Pamietam jak swego czasu (wzglednie niedawno zreszta) jakas stacja telewizyjna czy jakies radio napisalo o zaproszonej kobiecie "goscini"
I zrobil sie dym 😀
Ale moim zdaniem slusznie, sa przypadki gdzie to po prostu nie dziala (lub dziala tylko potocznie, np. 'dyrektorka')
No a jesli dziala, to wtedy dla mnie 'czlowiek' wzgledem kobiety tez dziala 😊


----------



## Ben Jamin

rotan said:


> Pamietam jak swego czasu (wzglednie niedawno zreszta) jakas stacja telewizyjna czy jakies radio napisalo o zaproszonej kobiecie "goscini"
> I zrobil sie dym 😀
> Ale moim zdaniem slusznie, sa przypadki gdzie to po prostu nie dziala (lub dziala tylko potocznie, np. 'dyrektorka')
> No a jesli dziala, to wtedy dla mnie 'czlowiek' wzgledem kobiety tez dziala 😊


A dlaczego dyrektorka ma nie działać? W dawnych czasach, kiedy chodziłem do szkoły mówiło się do dyrektorki szkoły "pani dyrektorko".


----------



## rotan

No dziala, ale tylko potocznie
Oficjalnie to wciaz dyrektor, przynajmniej z tego co sie orientuje


----------



## jasio

Ben Jamin said:


> W dawnych czasach, kiedy chodziłem do szkoły mówiło się do dyrektorki szkoły "pani dyrektorko".


To dowód anegdotyczny. 
Zresztą w mojej szkole mówiło się "pani dyrektor", a stosowane przez uczniów - wyłącznie pomiędzy sobą, może też z rodzicami - słowo "dyrektorka" miało znaczenie bardzo potoczne, na skraju pejoratywnego.


----------



## Ben Jamin

jasio said:


> To dowód anegdotyczny.
> Zresztą w mojej szkole mówiło się "pani dyrektor", a stosowane przez uczniów - wyłącznie pomiędzy sobą, może też z rodzicami - słowo "dyrektorka" miało znaczenie bardzo potoczne, na skraju pejoratywnego.
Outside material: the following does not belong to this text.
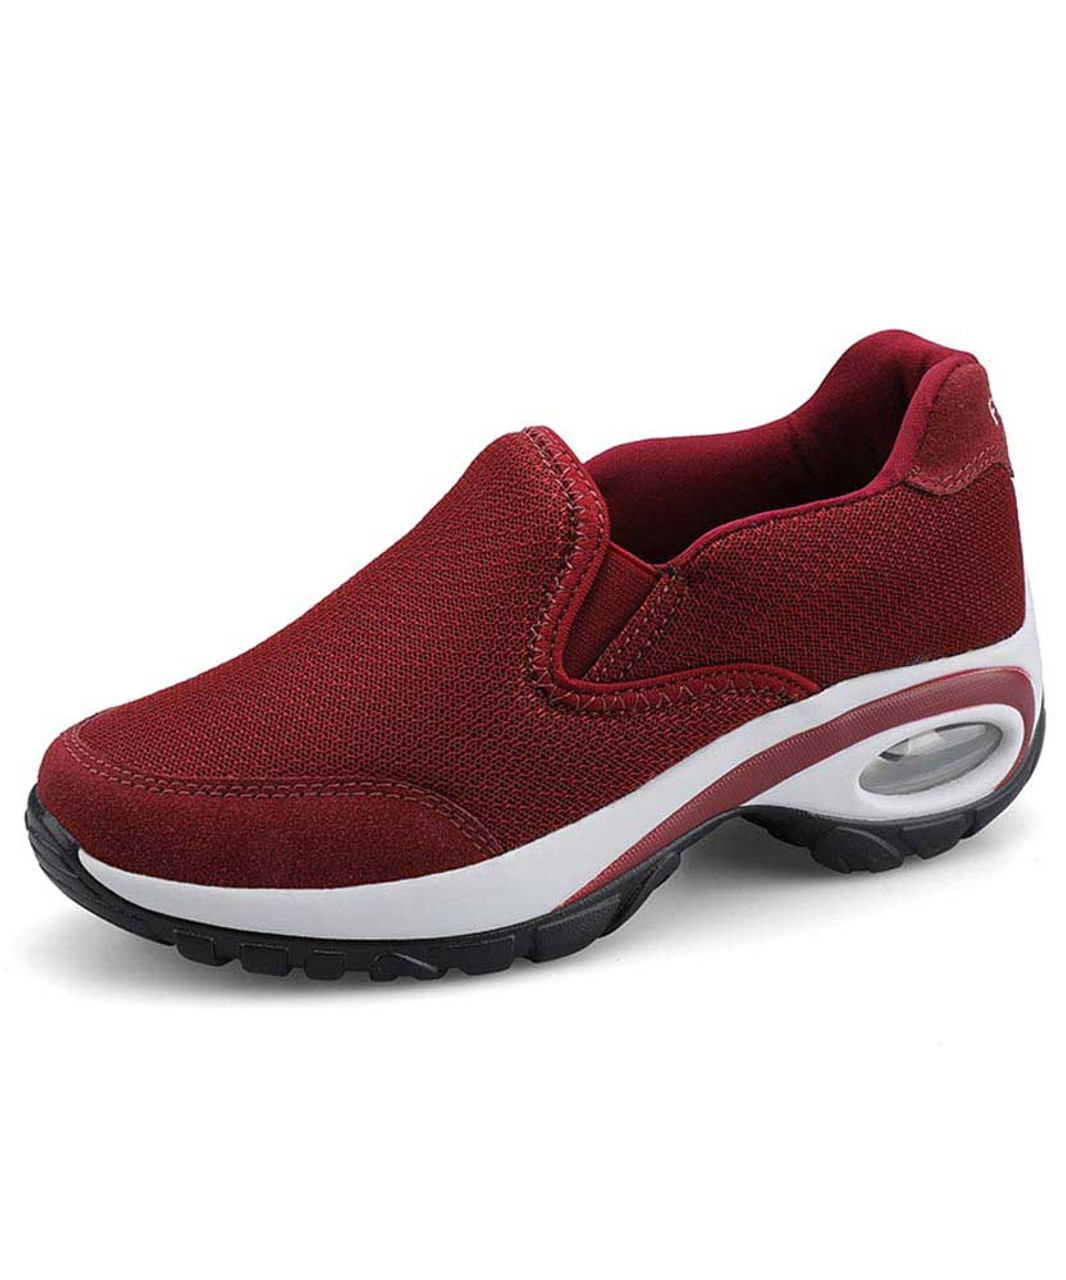 red bottom sneakers for women

Musiałeś chodzić do szkoły dużo później ode mnie. A "pejoratywny" w tym kontekście  kojarzy mi się z bardzo nowym zjawiskiem "woke".


----------



## rotan

Byc moze masz racje; w czasach kiedy ja chodzilem do szkoly to 'dyrektorka' juz tez od dawna mialo wydzwiek o jakim mowi jasio
Mam 27 lat, wiec bylo to wzglednie niedawno, i ten trend utrzymuje sie do dzis


----------



## Drakonica

Ben Jamin said:


> A dlaczego dyrektorka ma nie działać? W dawnych czasach, kiedy chodziłem do szkoły mówiło się do dyrektorki szkoły "pani dyrektorko".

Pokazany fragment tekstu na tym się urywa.